- Activity
Write out again, exactly, the lines below starting at the one with "One of Hawaii’s" and ending at the one with "C.P. Company Hooded".

- Data in this exercise
● ● ● ●

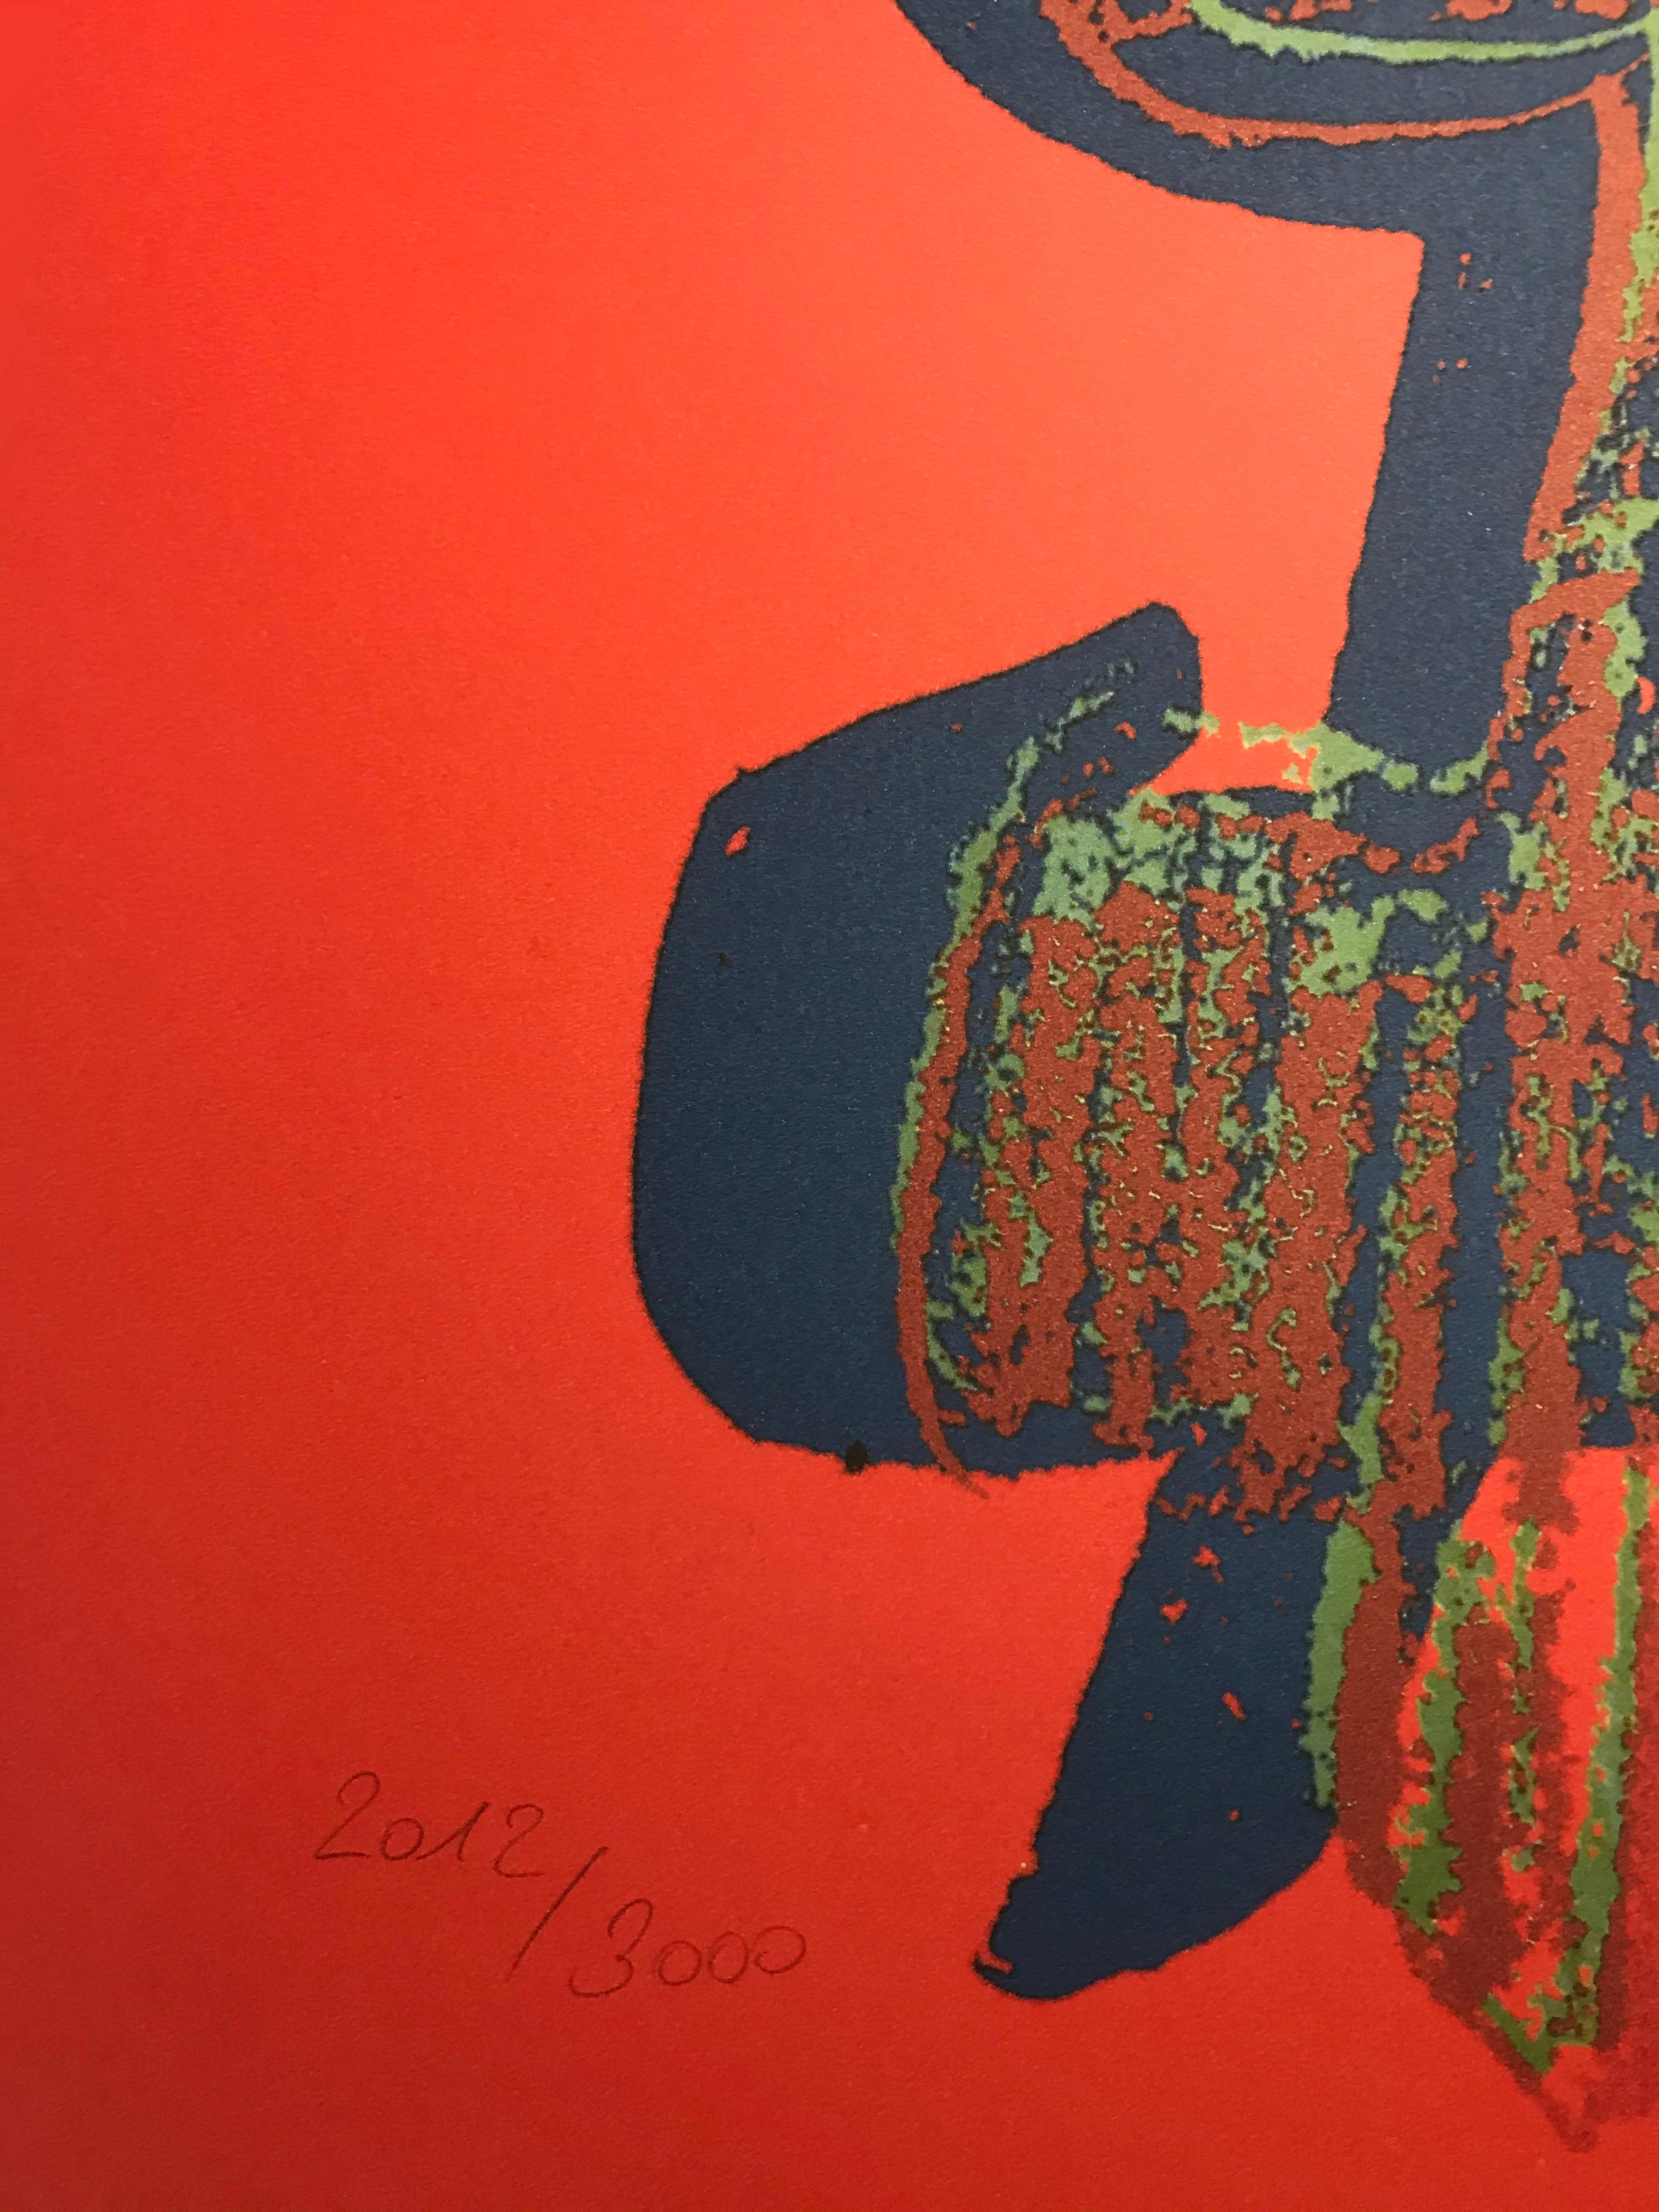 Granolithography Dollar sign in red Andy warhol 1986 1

● ● ● ●

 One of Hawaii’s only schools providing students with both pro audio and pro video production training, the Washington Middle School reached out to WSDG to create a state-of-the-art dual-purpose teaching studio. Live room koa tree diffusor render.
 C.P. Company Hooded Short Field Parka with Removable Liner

● ● ● ●

- Answer box
 One of Hawaii’s only schools providing students with both pro audio and pro video production training, the Washington Middle School reached out to WSDG to create a state-of-the-art dual-purpose teaching studio. Live room koa tree diffusor render.
 C.P. Company Hooded Short Field Parka with Removable Liner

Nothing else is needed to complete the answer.